:: RAW DATA ::

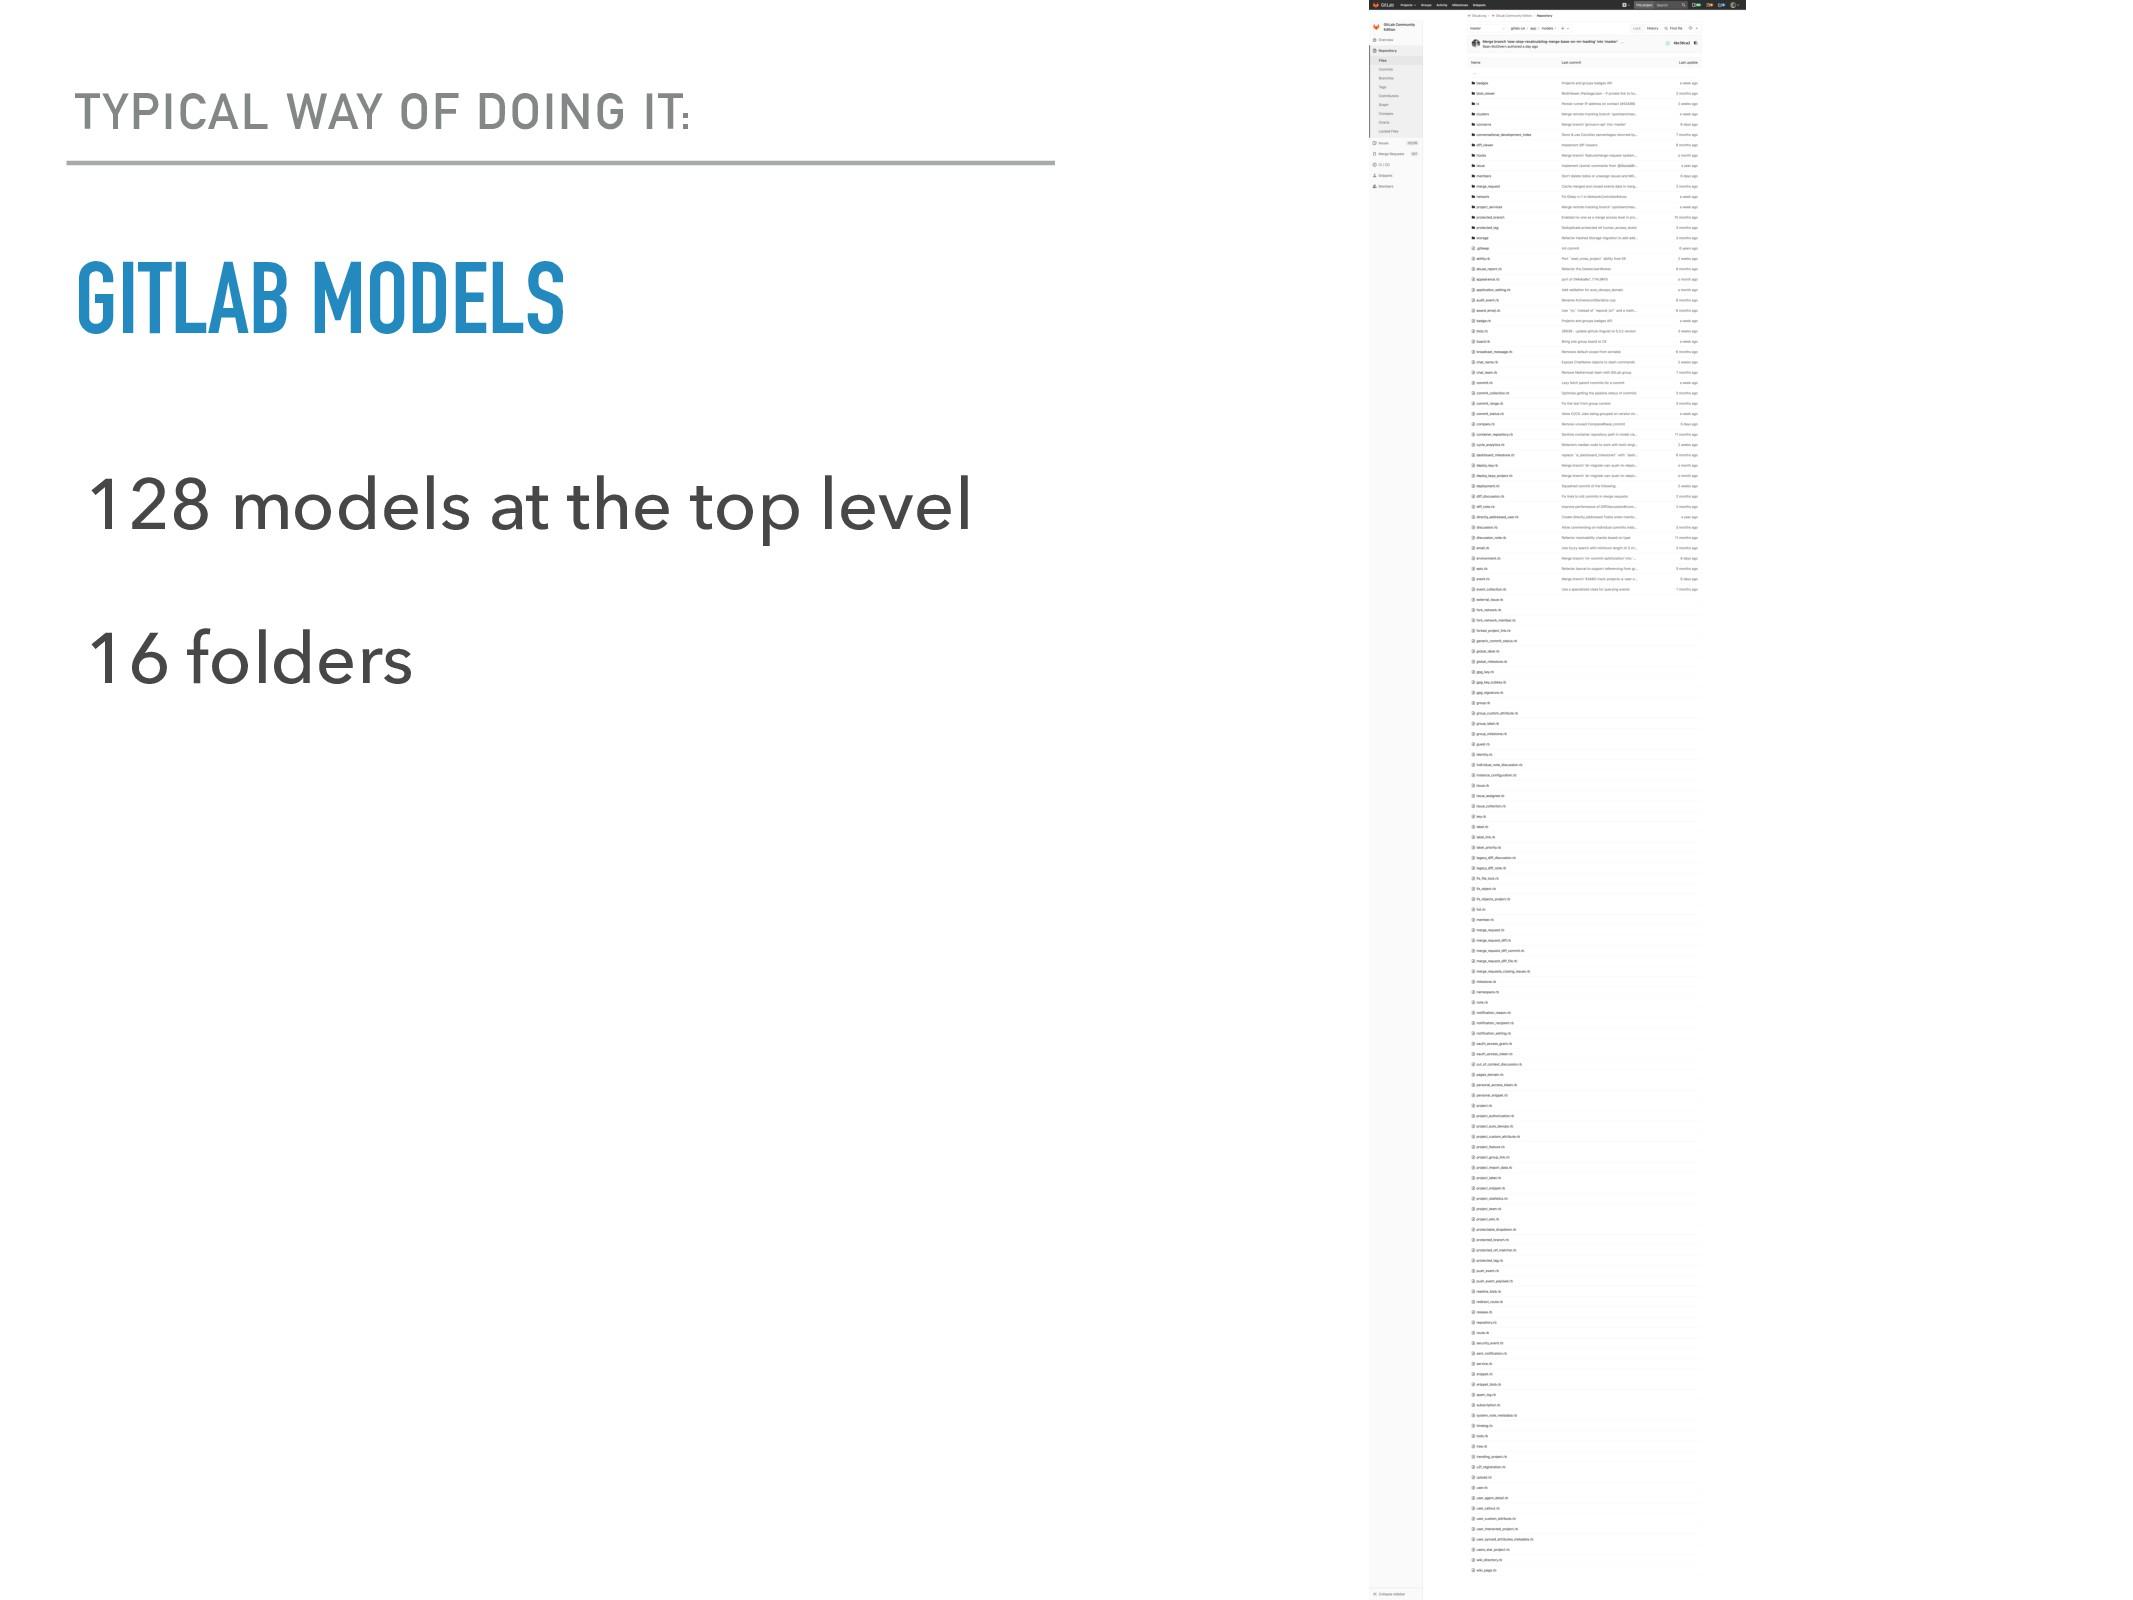 GITLAB MODELS 128 models at the top level 16 fo...
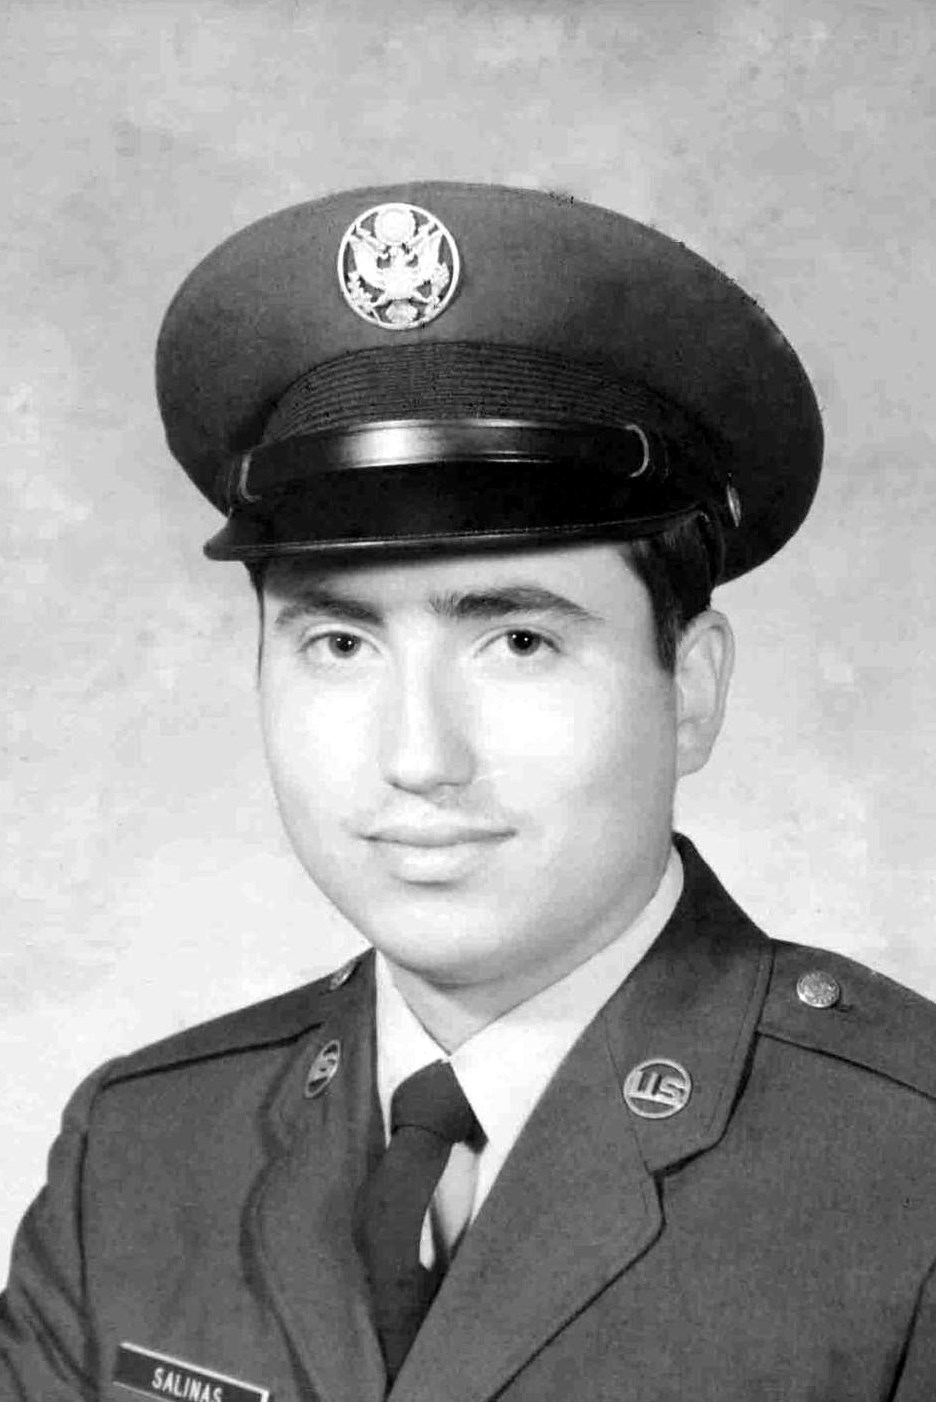 Raymond Fuentes Salinas Obituary - CLUTE, TX
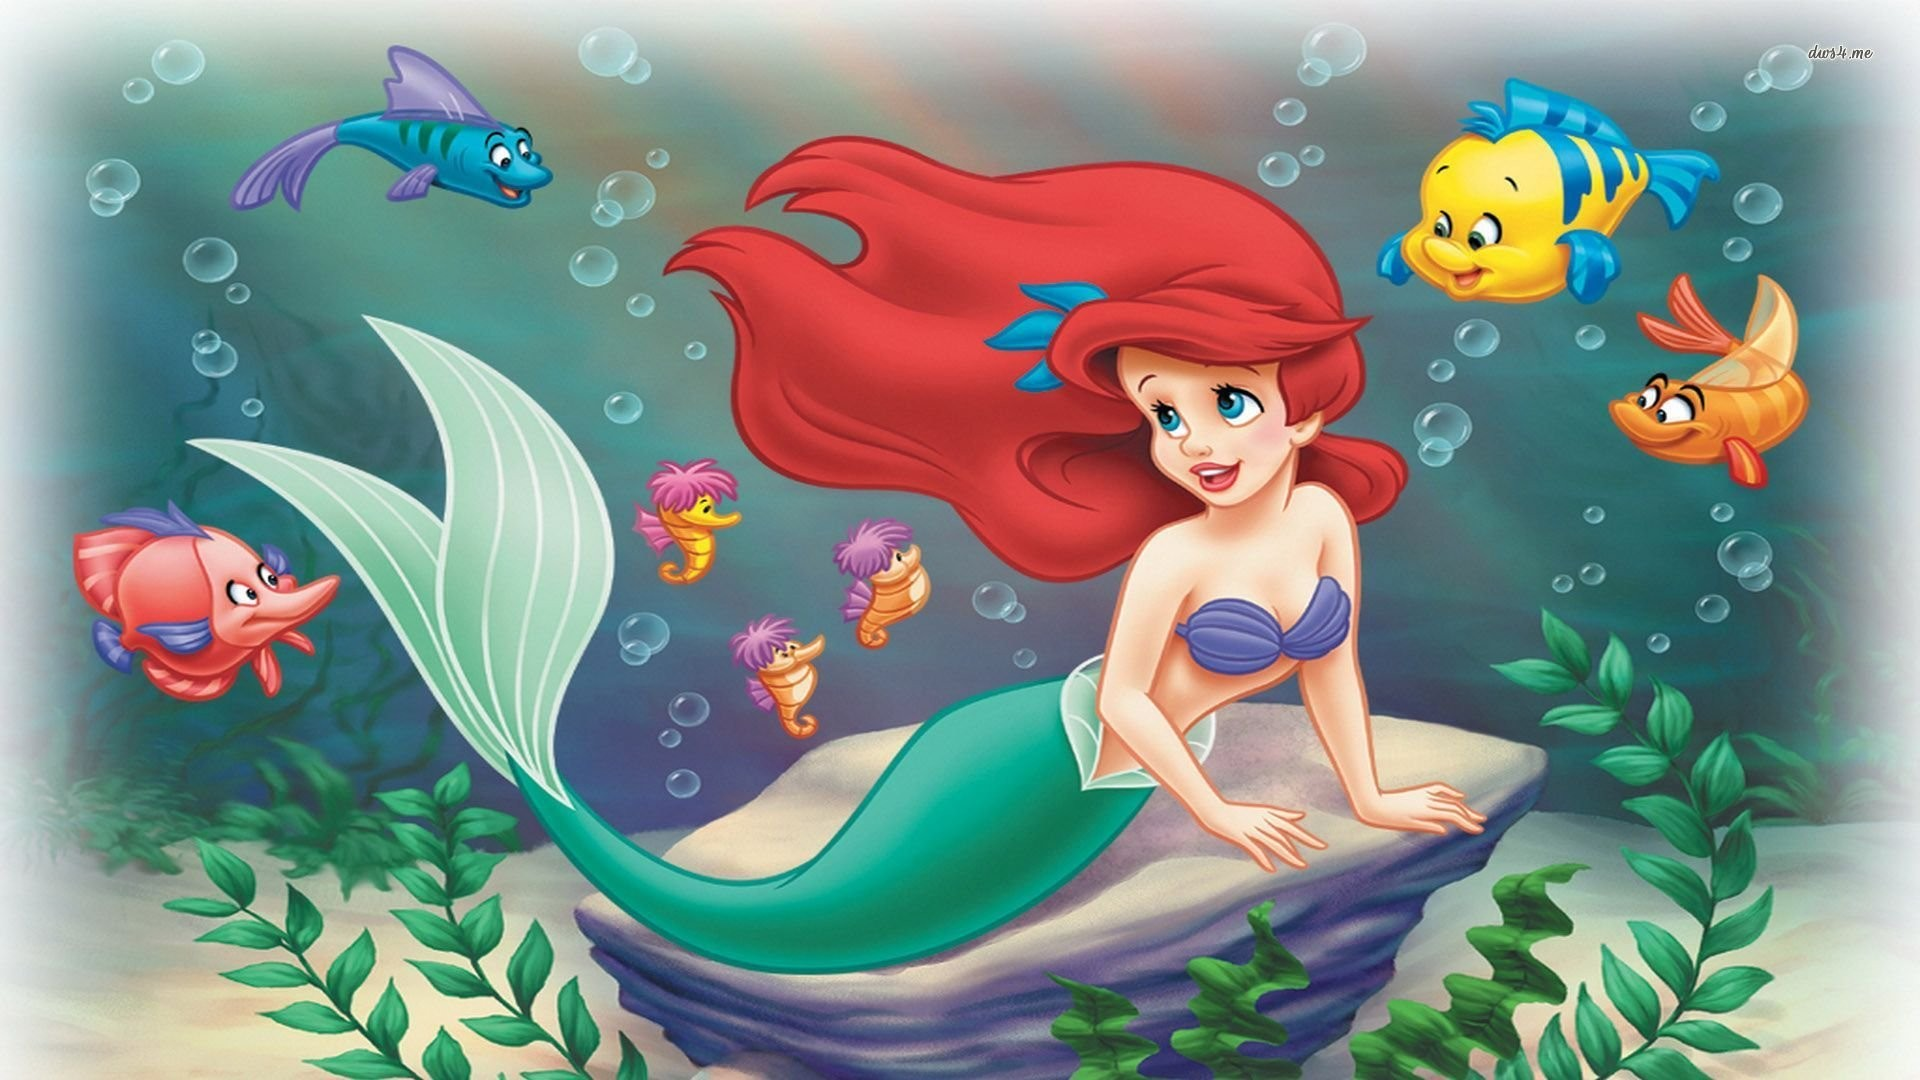 Little Mermaid wallpaper ·① Download free cool HD ... - photo#32

:::

Starting with the line that contains "Raymond Fuentes Salinas Obituary - CLUTE, TX" and ending with the last line of the material, every line must be written out exactly; no other lines and no pictures are wanted.

 Raymond Fuentes Salinas Obituary - CLUTE, TX
 Little Mermaid wallpaper ·① Download free cool HD ... - photo#32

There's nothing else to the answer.